▶ Dataset entries
*** Begin section ***
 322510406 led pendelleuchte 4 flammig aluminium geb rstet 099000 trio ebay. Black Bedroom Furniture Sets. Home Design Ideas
*** End section ***
*** Begin section ***
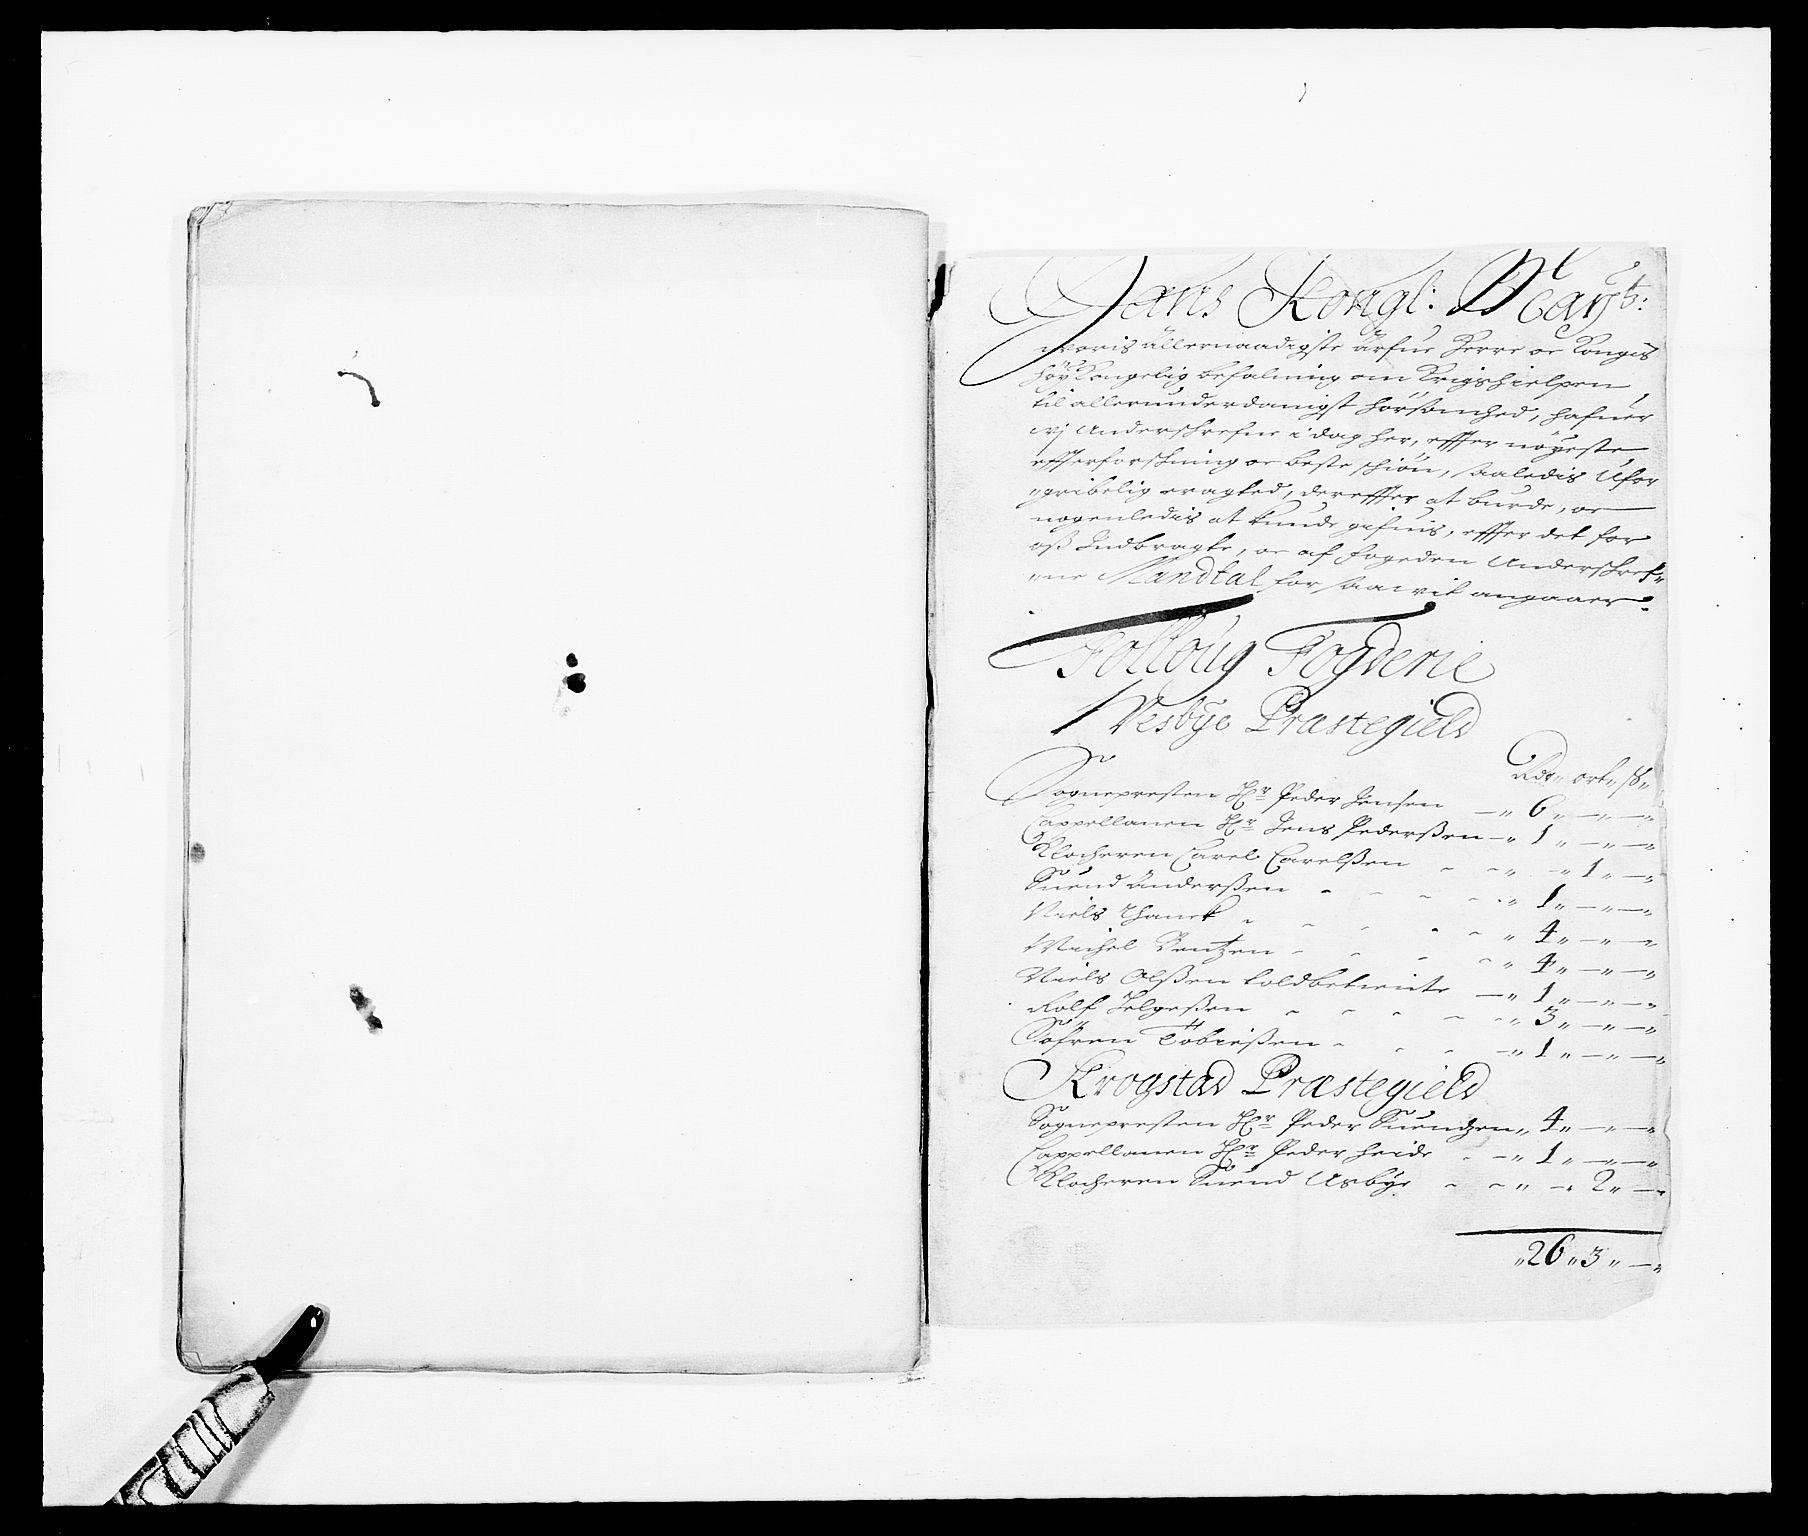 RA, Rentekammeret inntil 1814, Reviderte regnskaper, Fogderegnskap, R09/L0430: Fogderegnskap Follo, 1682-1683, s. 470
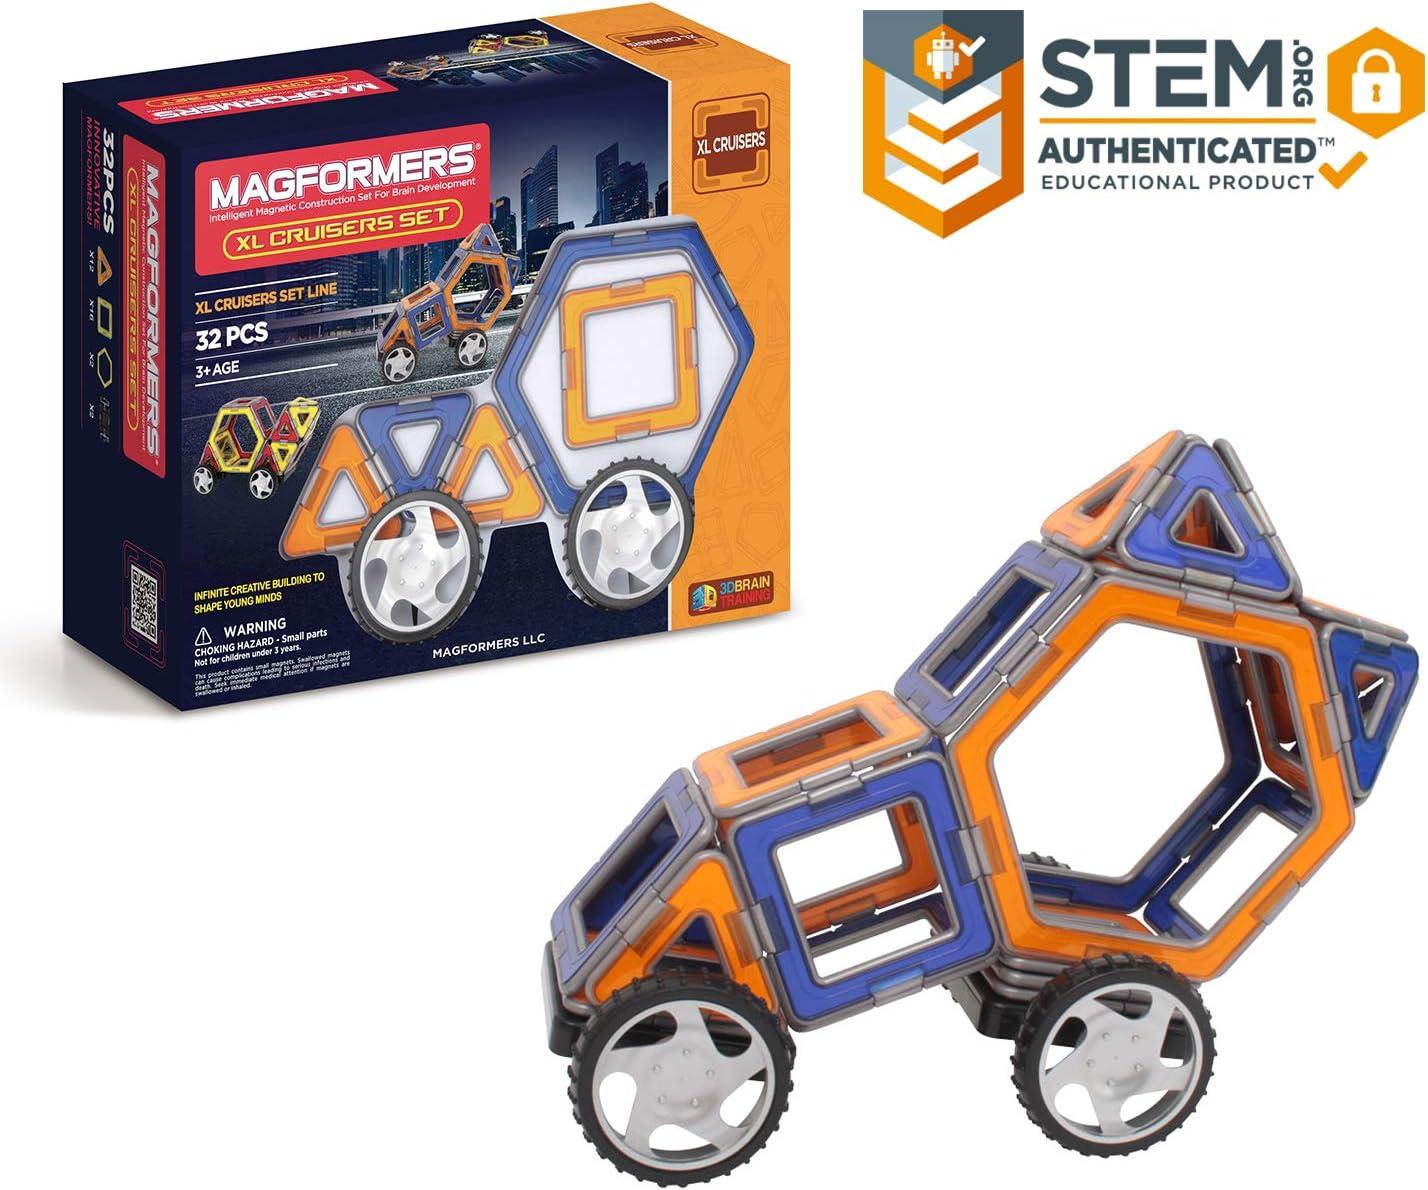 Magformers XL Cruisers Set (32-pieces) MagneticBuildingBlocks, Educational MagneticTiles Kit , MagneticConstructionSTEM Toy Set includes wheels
*** End section ***
*** Begin section ***
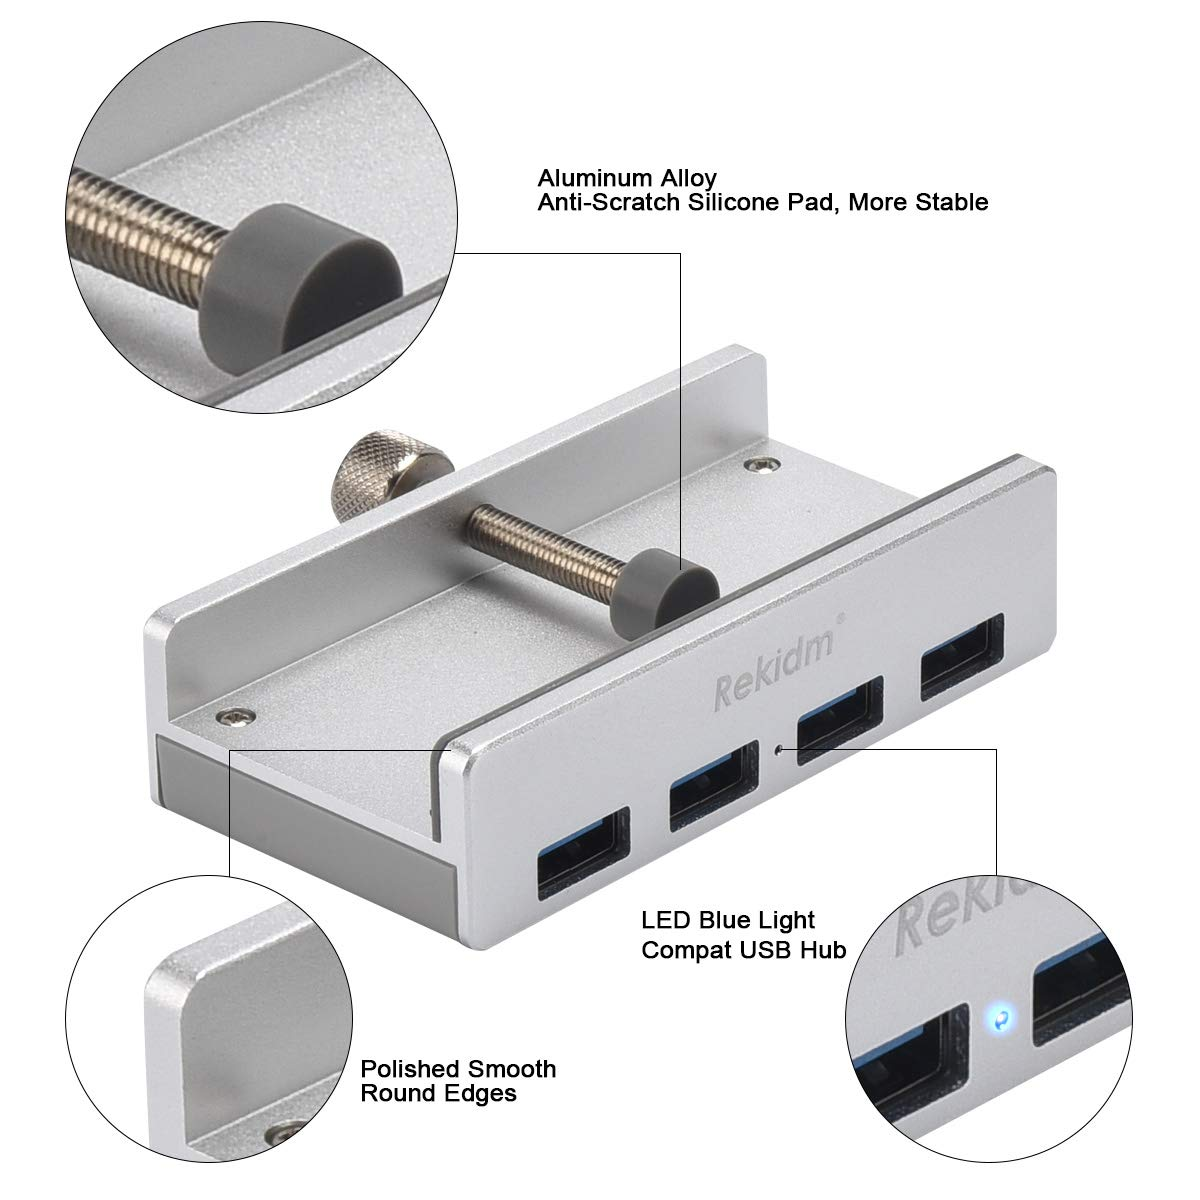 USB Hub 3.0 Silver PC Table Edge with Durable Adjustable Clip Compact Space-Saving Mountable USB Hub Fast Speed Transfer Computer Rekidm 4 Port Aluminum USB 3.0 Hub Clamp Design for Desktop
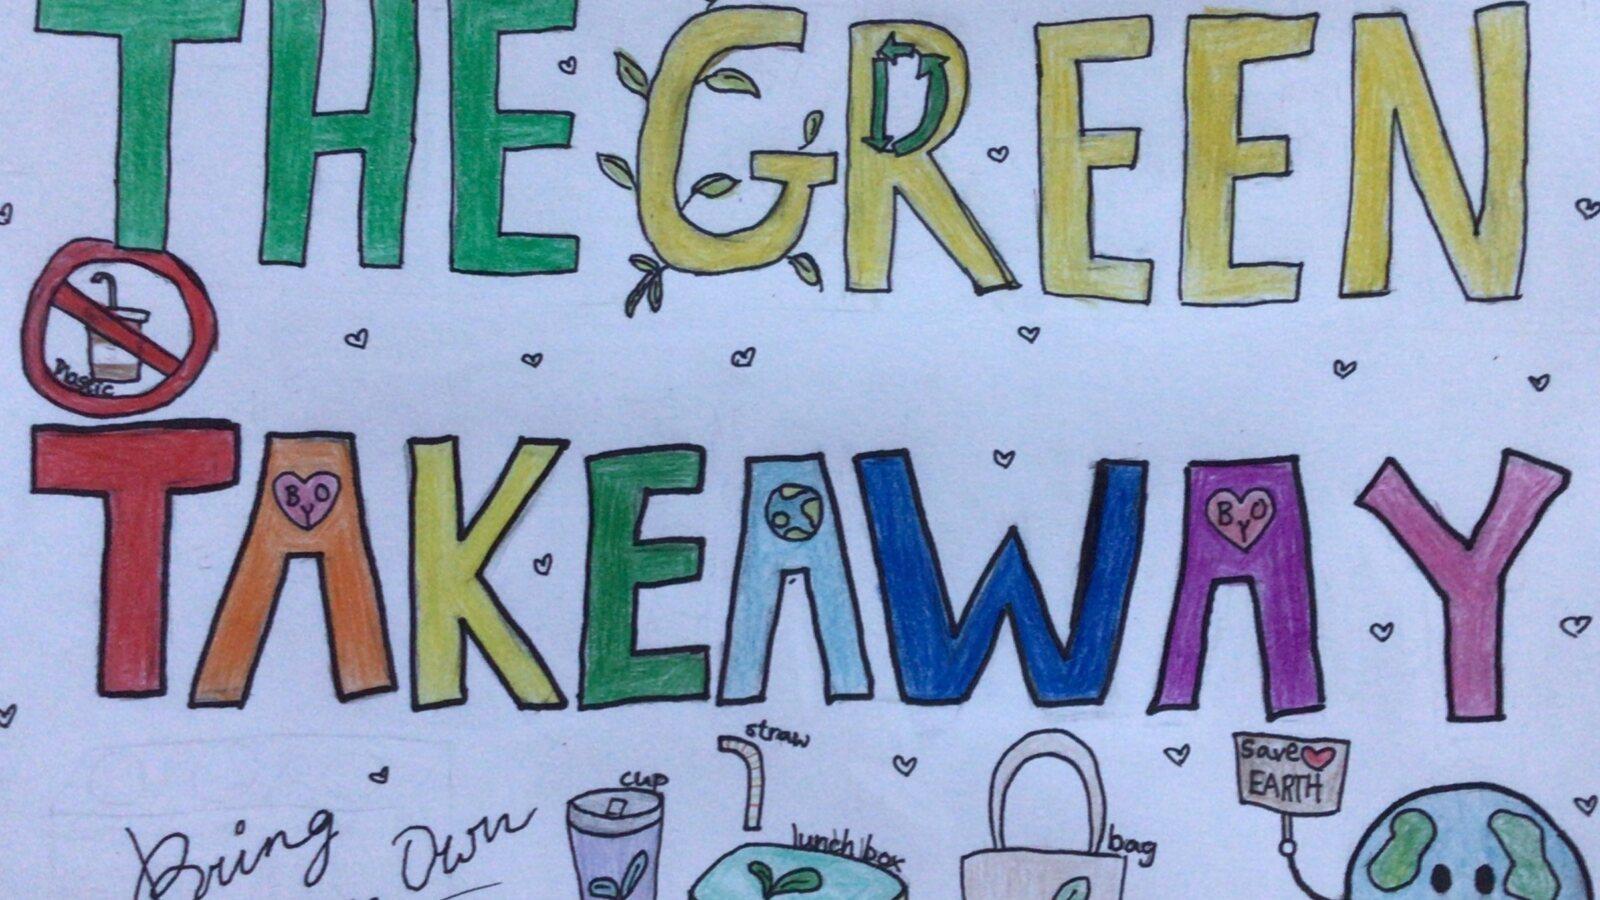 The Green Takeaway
*** End section ***
▶ What to do
Since the pictures are not part of the copy, please transcribe only the lines above from the one with "USB Hub 3.0" through the one with "The Green Takeaway", exactly and with both ends.

▶ Written response
 USB Hub 3.0 Silver PC Table Edge with Durable Adjustable Clip Compact Space-Saving Mountable USB Hub Fast Speed Transfer Computer Rekidm 4 Port Aluminum USB 3.0 Hub Clamp Design for Desktop
 The Green Takeaway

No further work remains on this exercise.